Sara didn’t know, either. She had somehow found her way back. She didn’t know how or why. Some people just got lucky.
“Daryl Nesbitt’s in the hospital. His leg is septic.” Faith didn’t seem bothered by the man’s condition. “The doctors are saying it’s not looking good. They’re going to have to take more of his leg.”
Sara knew that this would be the beginning of the end for Daryl Nesbitt. The intellectual part of her wanted to rail against the unusually cruel system, but the baser part of her nature was glad that Daryl would be gone. Losing Jeffrey had taught her that sometimes justice needed a nudge.
She asked Faith, “What about Nesbitt’s offer to trade intel on the illegal phones being smuggled into the prison?”
“Now that he knows he’s not getting the pedophile charge off his sheet, he doesn’t give a shit about the phones.”
“Con’s gonna con,” Sara said, anticipating Faith’s views on the matter.
“At least Gerald Caterino got something out of it.” She shrugged. “He won’t let us test Heath’s DNA against Brock’s. But last I heard, the kid’s been enrolled in elementary school. That’s something, right?”
“It’s something.” Sara wondered if Caterino was trying to maintain plausible deniability. One day, Heath would ask about the circumstances of his birth. It was easier to lie if you never looked for the truth.
She told Faith, “I heard Miranda Newberry copped a plea.”

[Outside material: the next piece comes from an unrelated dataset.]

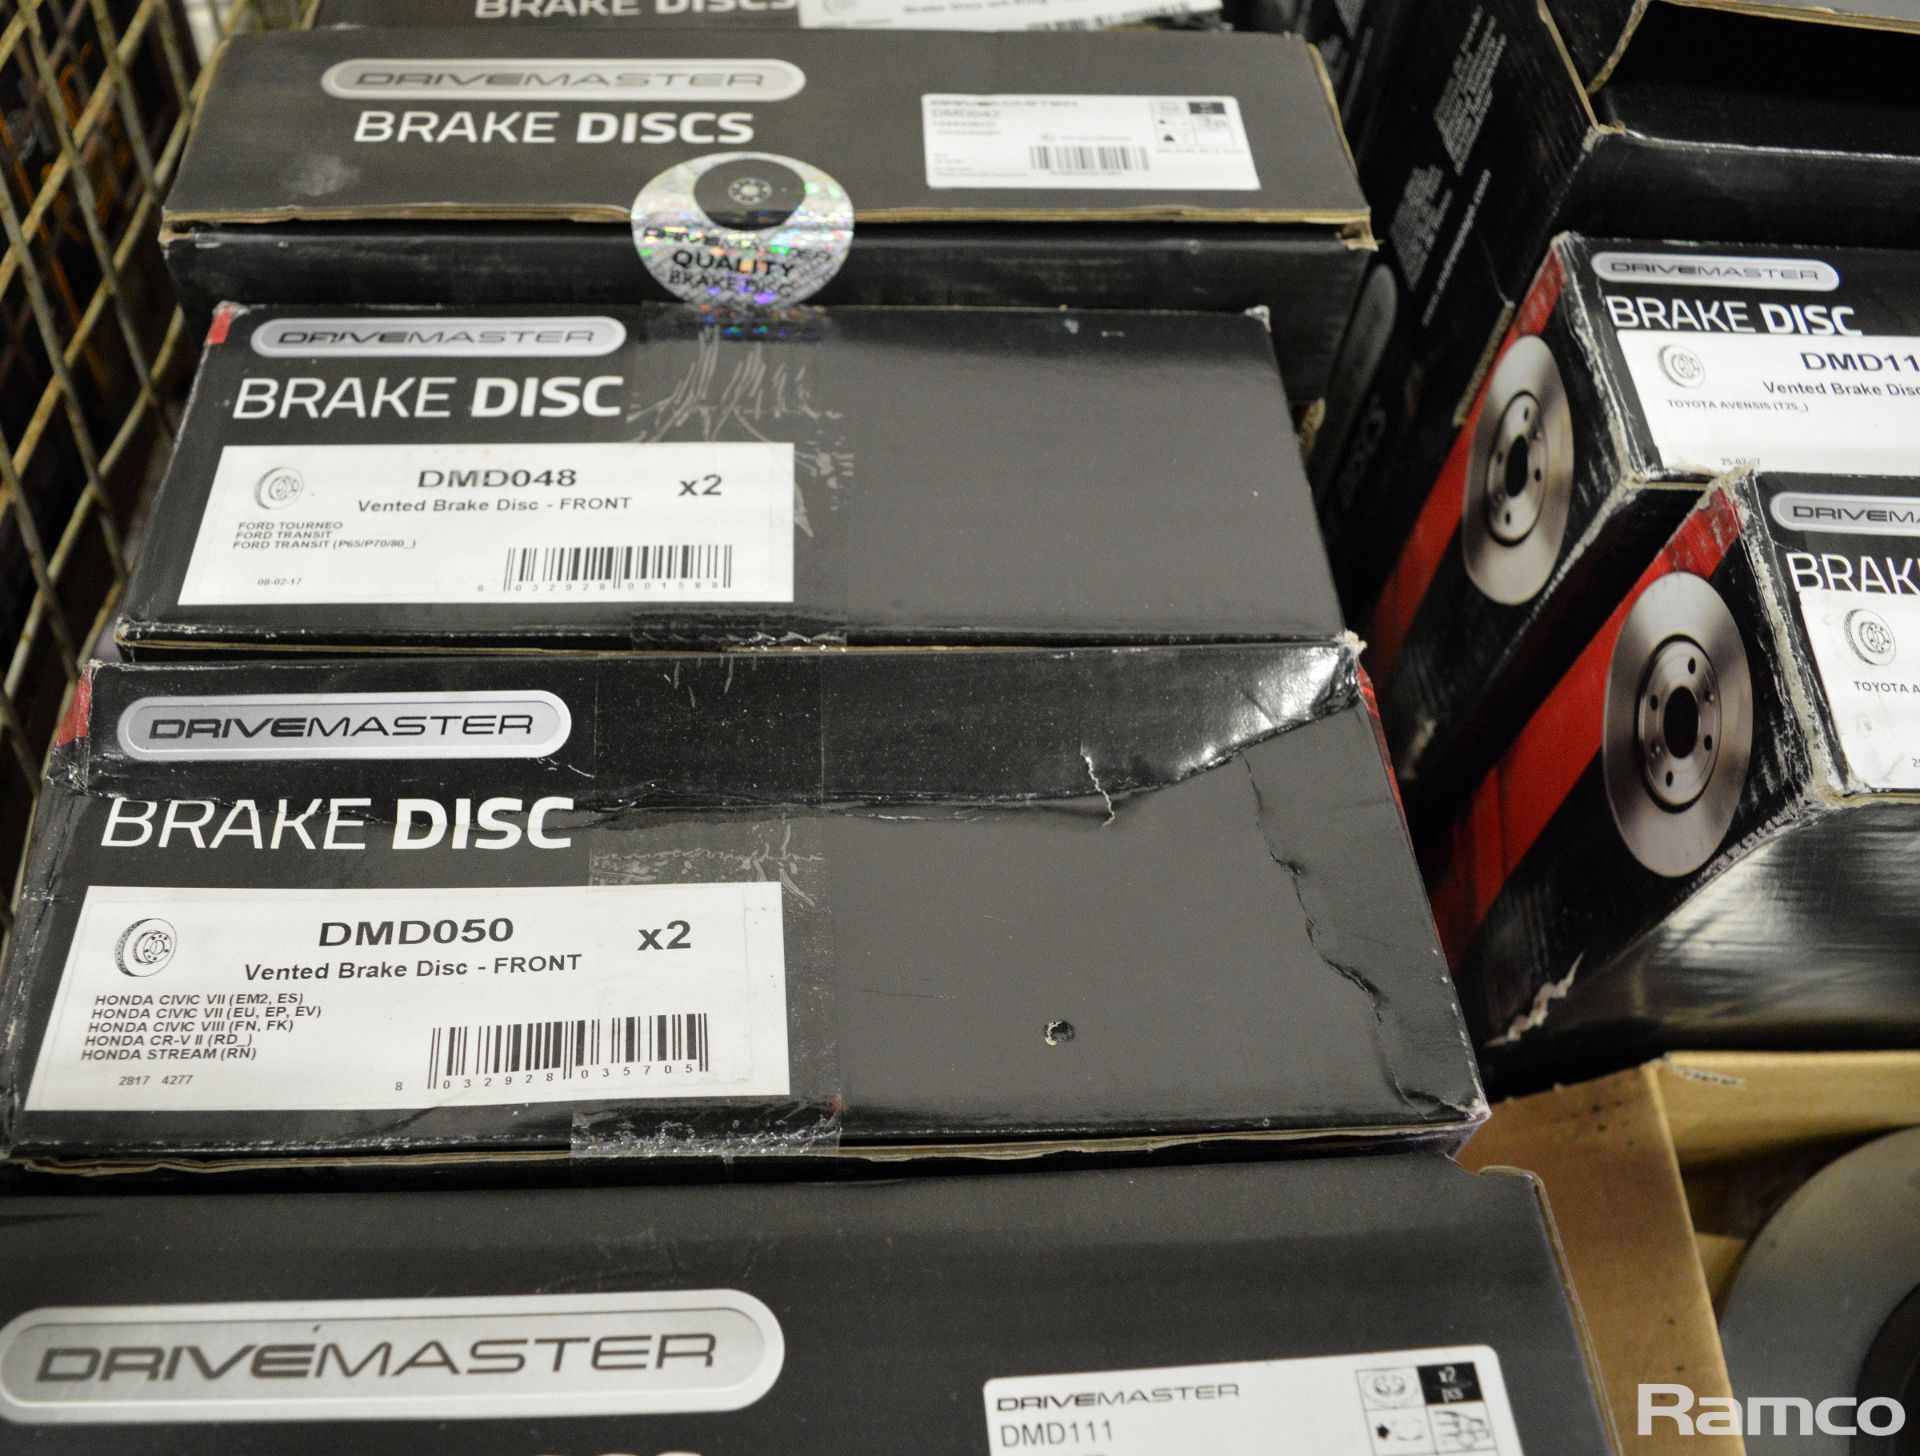 Drivemaster, Eicher, Pagid brake discs - see pictures for model / type - Image 5 of 8

“She’ll be out in eighteen months.” Faith sounded bitterly disappointed. Gerald Caterino was not Miranda’s only victim. She had bilked dozens of grieving parents and spouses out of tens of thousands of dollars.
Sara said, “She did some solid detective work. Almost every name on that spreadsheet checked out.”

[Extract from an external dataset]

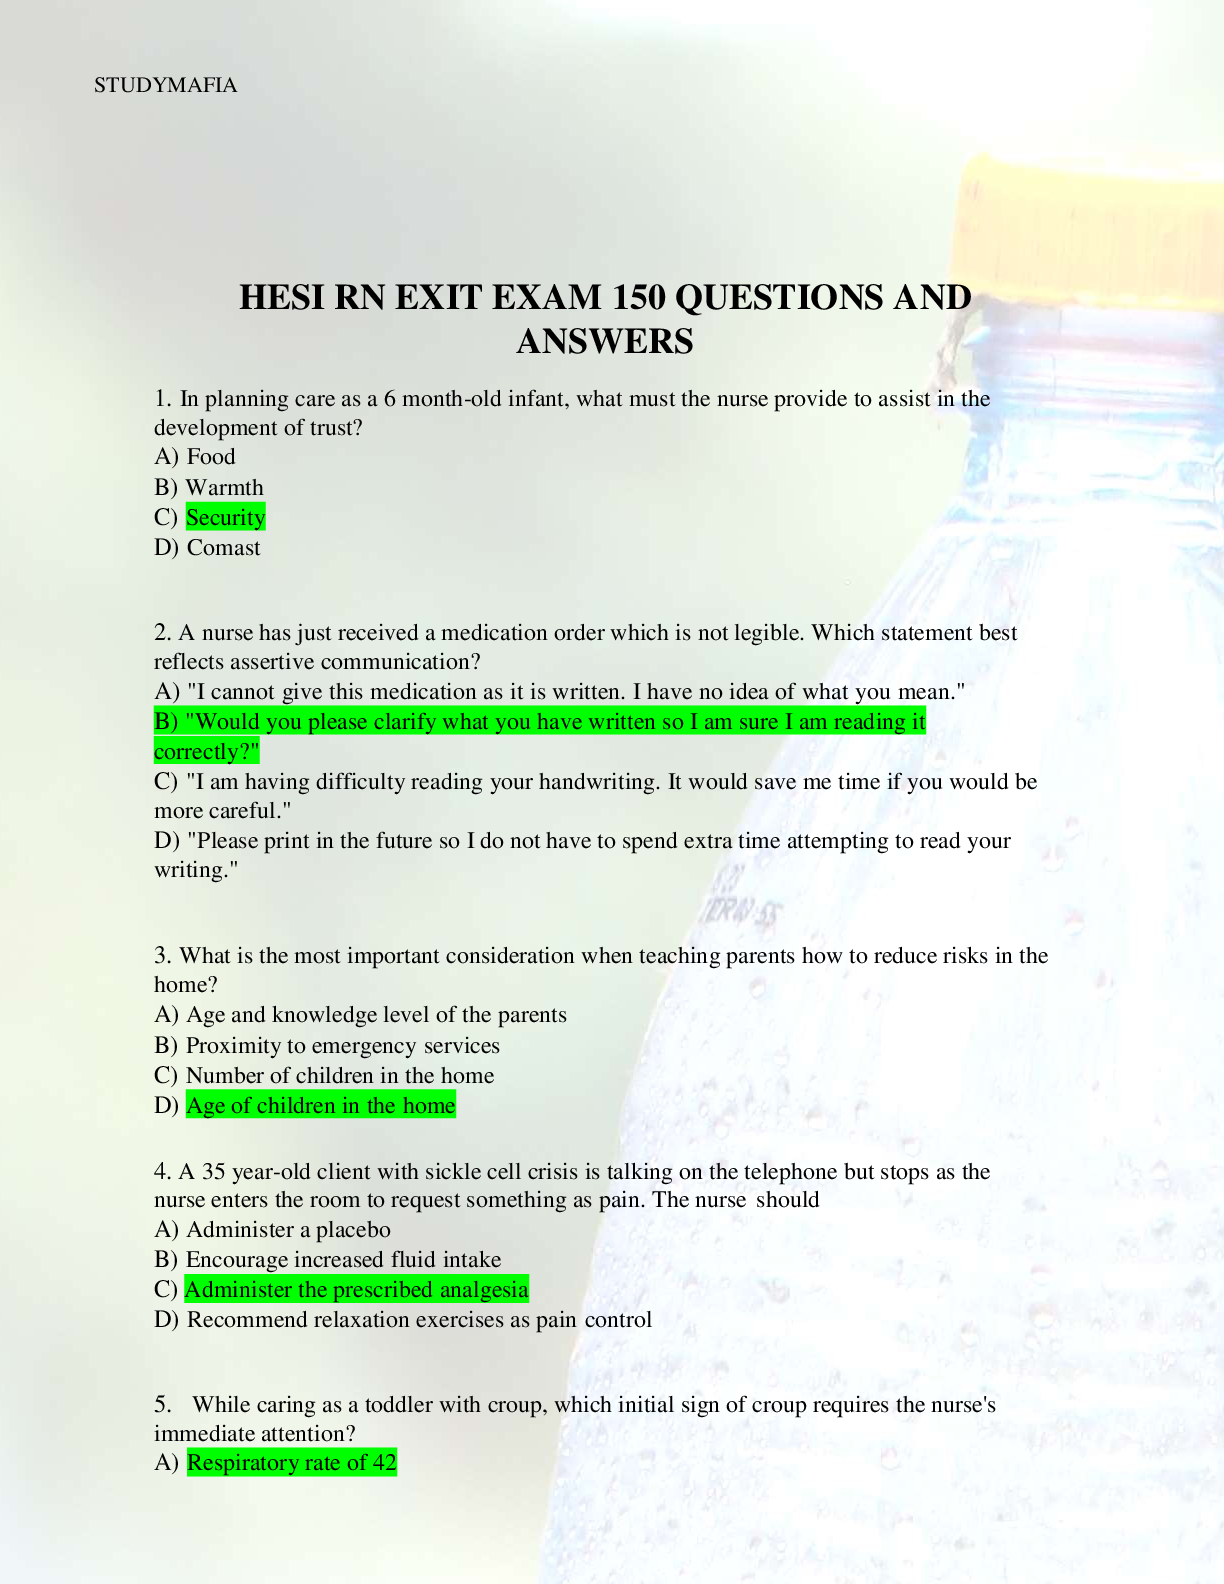 HESI RN EXIT EXAM 150 QUESTIONS AND ANSWERS Browsegrades

“If she wanted to be a detective, she should’ve gone to the police academy or gotten her PI license.” Faith had paid her dues. She had very little tolerance for people who didn’t. “You know what they say. ‘When you do clownery, the clown comes back to bite.’”
“Jane Austen?”
“Mo’Nique.” Faith pushed herself out of the chair. “I’m out of here, friend. Please stop looking at that video.”
Sara forced a smile onto her lips until Faith was gone.
She opened her laptop. She played the video again.
Brock laid the white ribbon across the green binders.
Sara had no idea why she so clearly remembered losing the hair tie. The fight with Tessa had been one of many. Sara’s hair had always been long. Over the years, she had lost hundreds of ties and bands. She’d had no idea that Brock had stolen this particular ribbon. And she had been so certain when she walked into Brock’s office inside the AllCare warehouse that he would not hurt her.
Now, she wondered.
Her cell phone chimed. Will had sent a car emoji. She texted back a running woman and a man behind a desk, letting him know that she would meet him in his office.
Sara stuck her laptop into her briefcase. The brown paper bag inside the outer pocket crumpled. She had to take out everything and readjust it. She found her purse on the couch. She checked to make sure she had her keys and locked her office door.